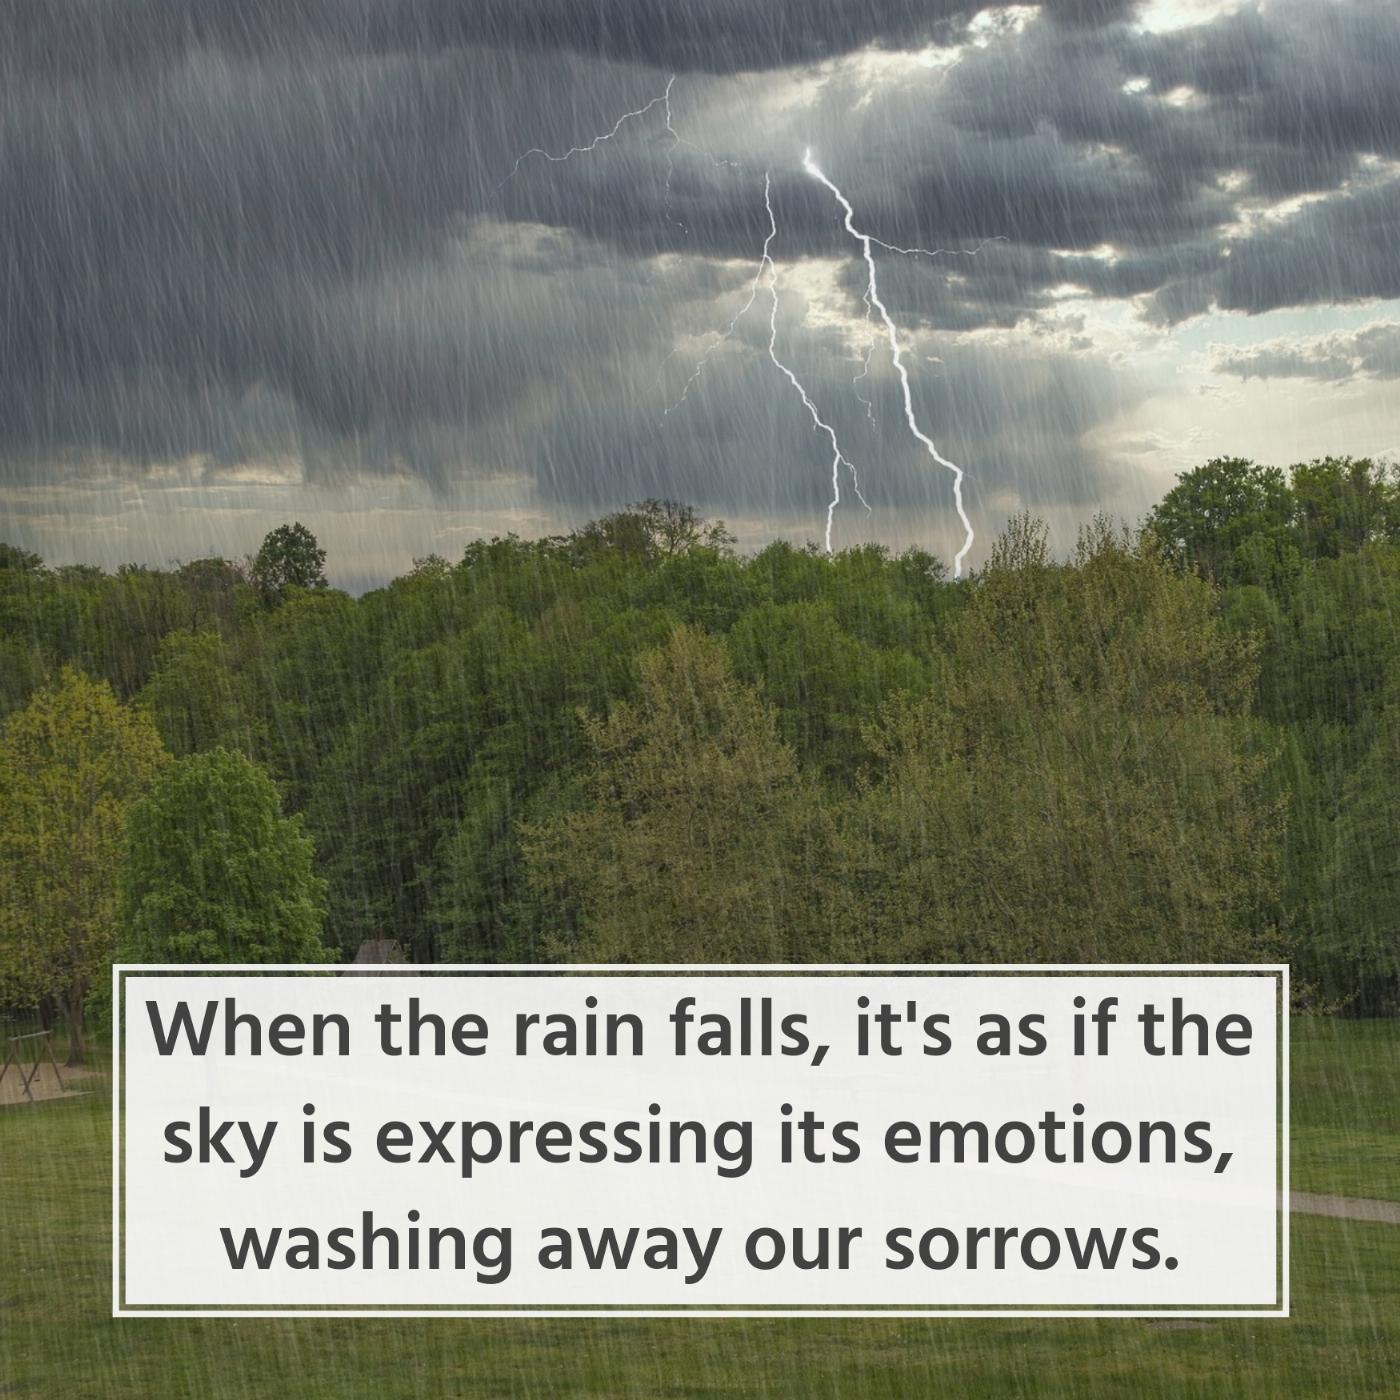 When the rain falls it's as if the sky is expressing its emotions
---
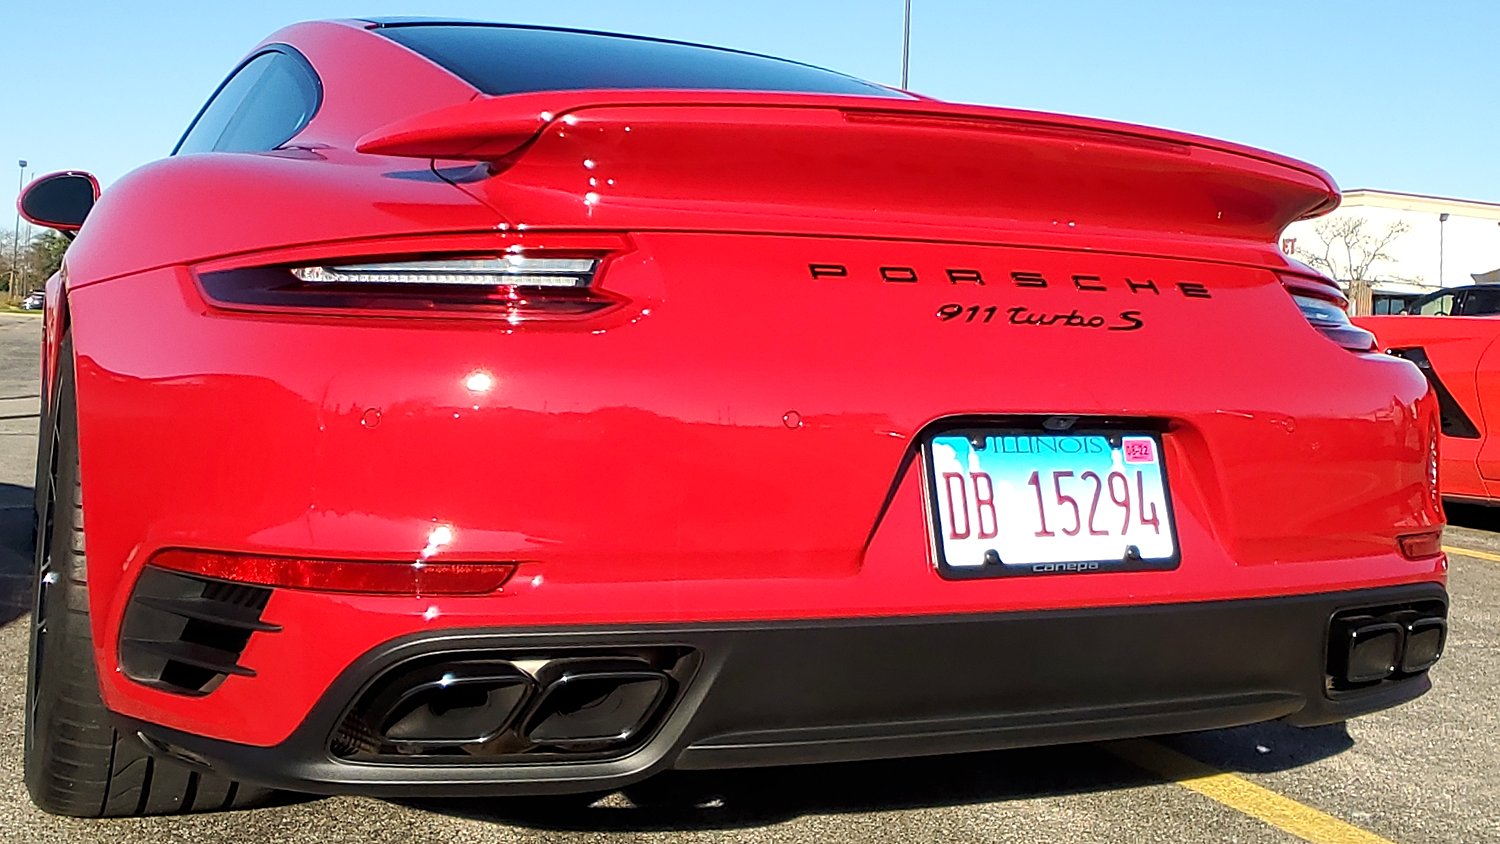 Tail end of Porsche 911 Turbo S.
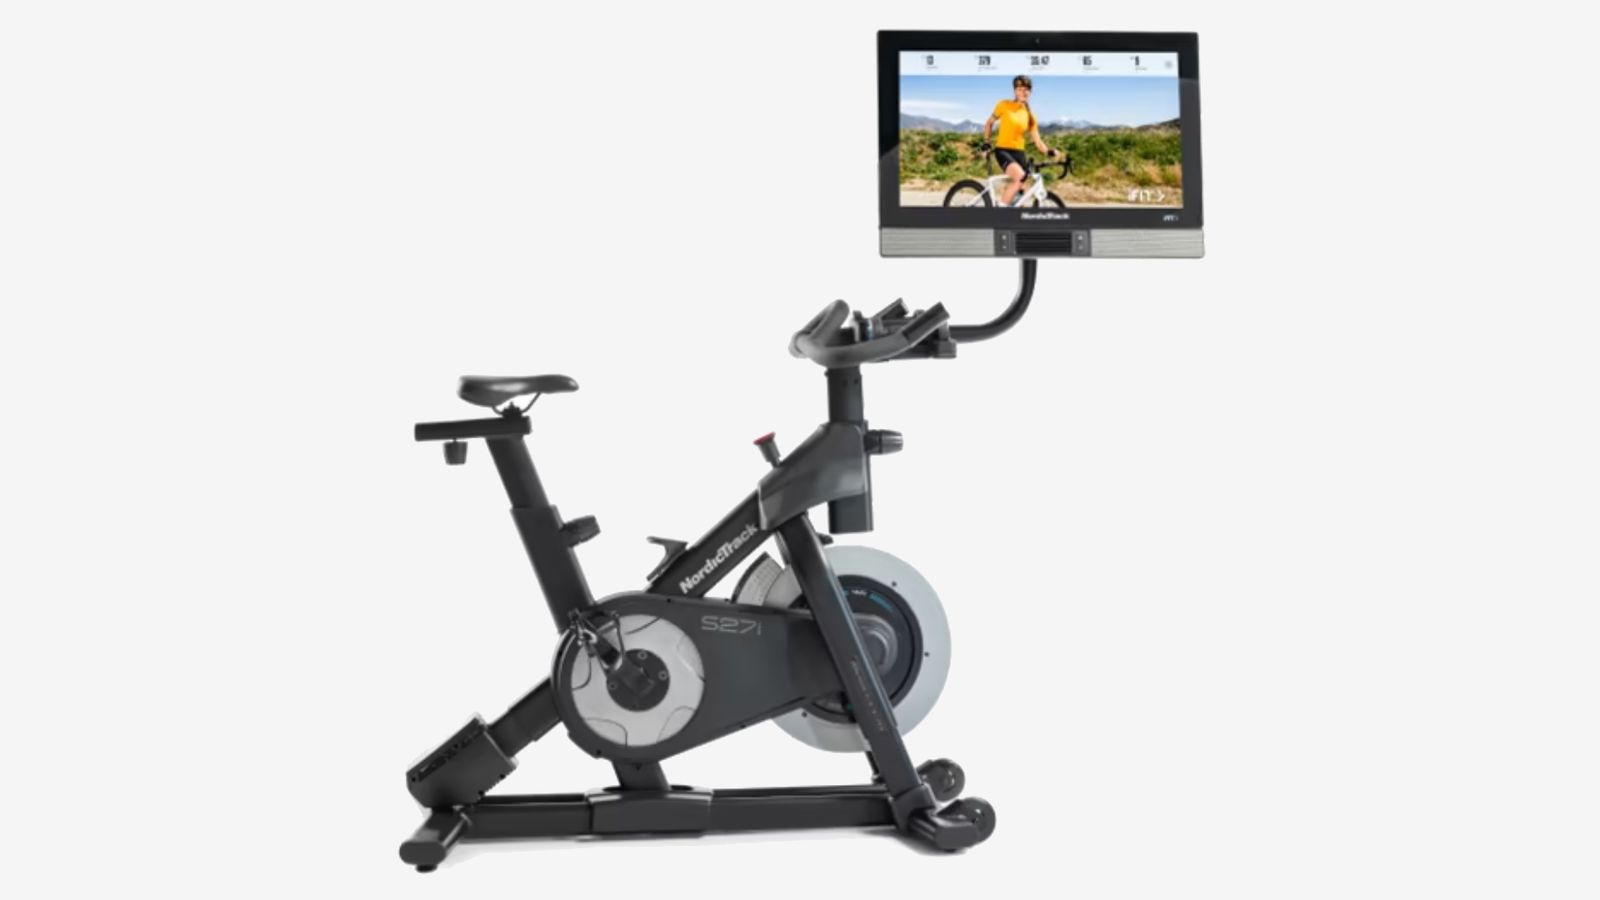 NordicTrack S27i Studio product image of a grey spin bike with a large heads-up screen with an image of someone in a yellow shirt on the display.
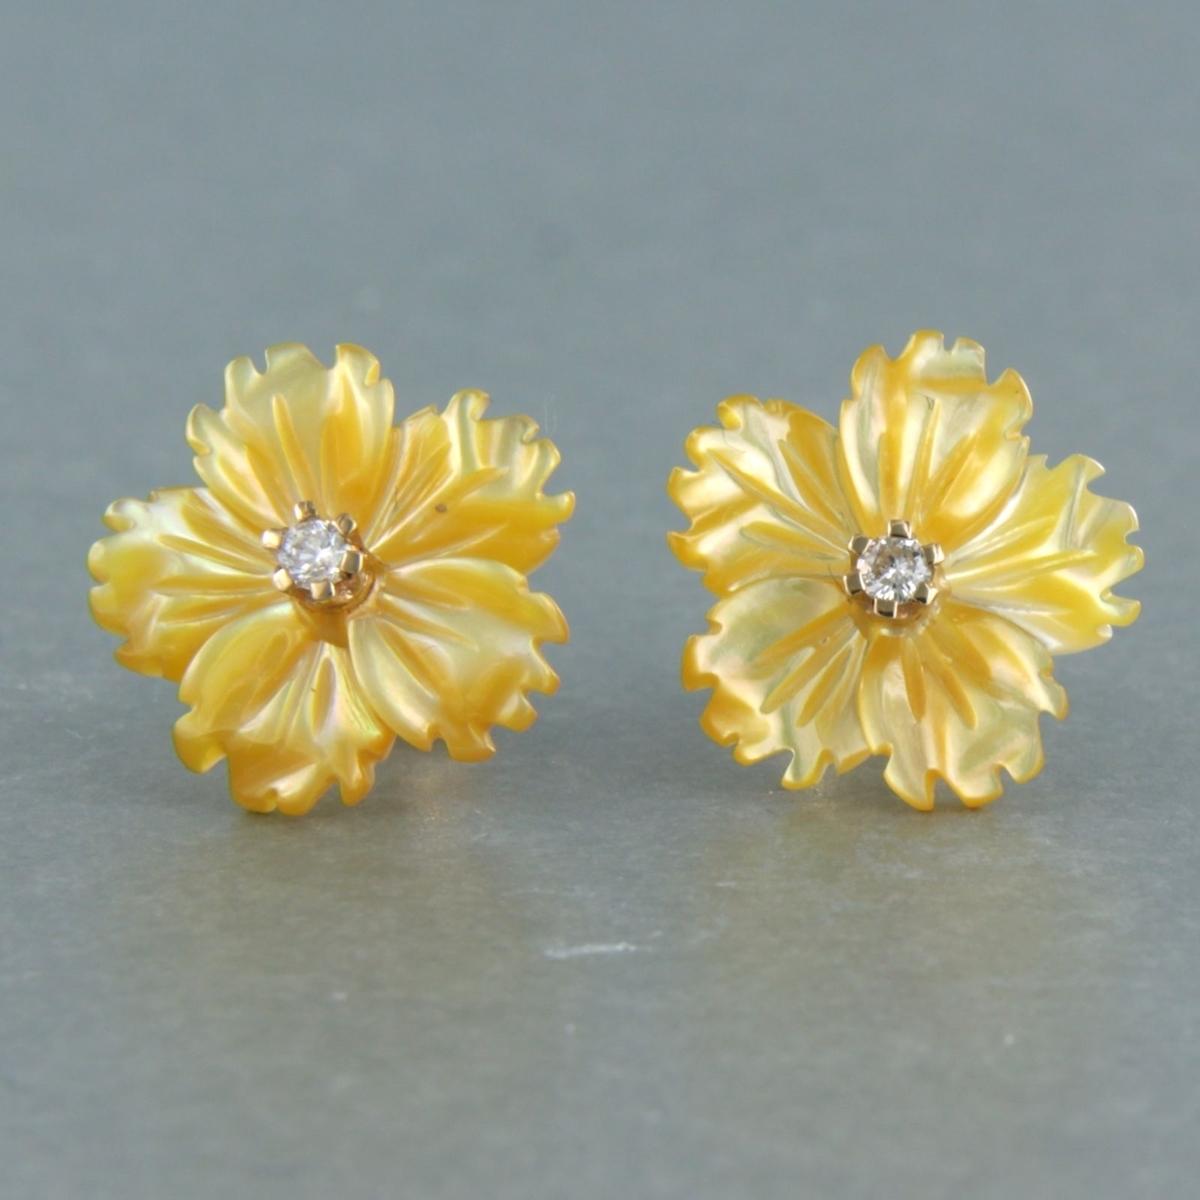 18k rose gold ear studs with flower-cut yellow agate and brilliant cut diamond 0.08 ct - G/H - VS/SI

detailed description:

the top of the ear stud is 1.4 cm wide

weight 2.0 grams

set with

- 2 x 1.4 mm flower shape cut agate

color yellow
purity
==
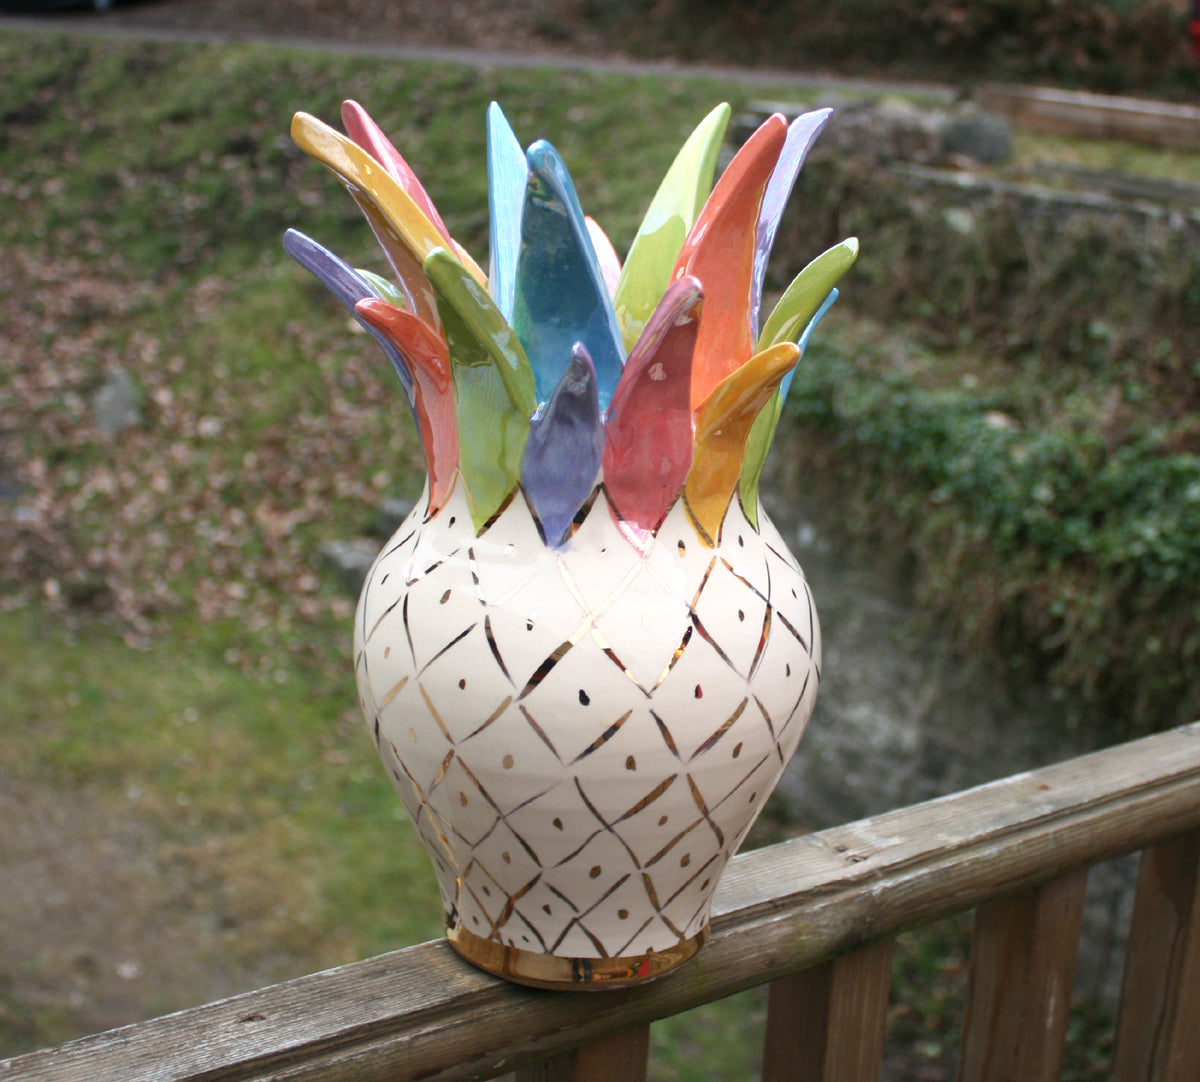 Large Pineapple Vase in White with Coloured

# [WHAT IS NEEDED]
Exercise for the records above: copy only the lines from the one with "NordicTrack S27i Studio" to the one with "18k rose gold", both ends kept, and drop the pictures.

# [TASK ANSWER]
 NordicTrack S27i Studio product image of a grey spin bike with a large heads-up screen with an image of someone in a yellow shirt on the display.
 18k rose gold ear studs with flower-cut yellow agate and brilliant cut diamond 0.08 ct - G/H - VS/SI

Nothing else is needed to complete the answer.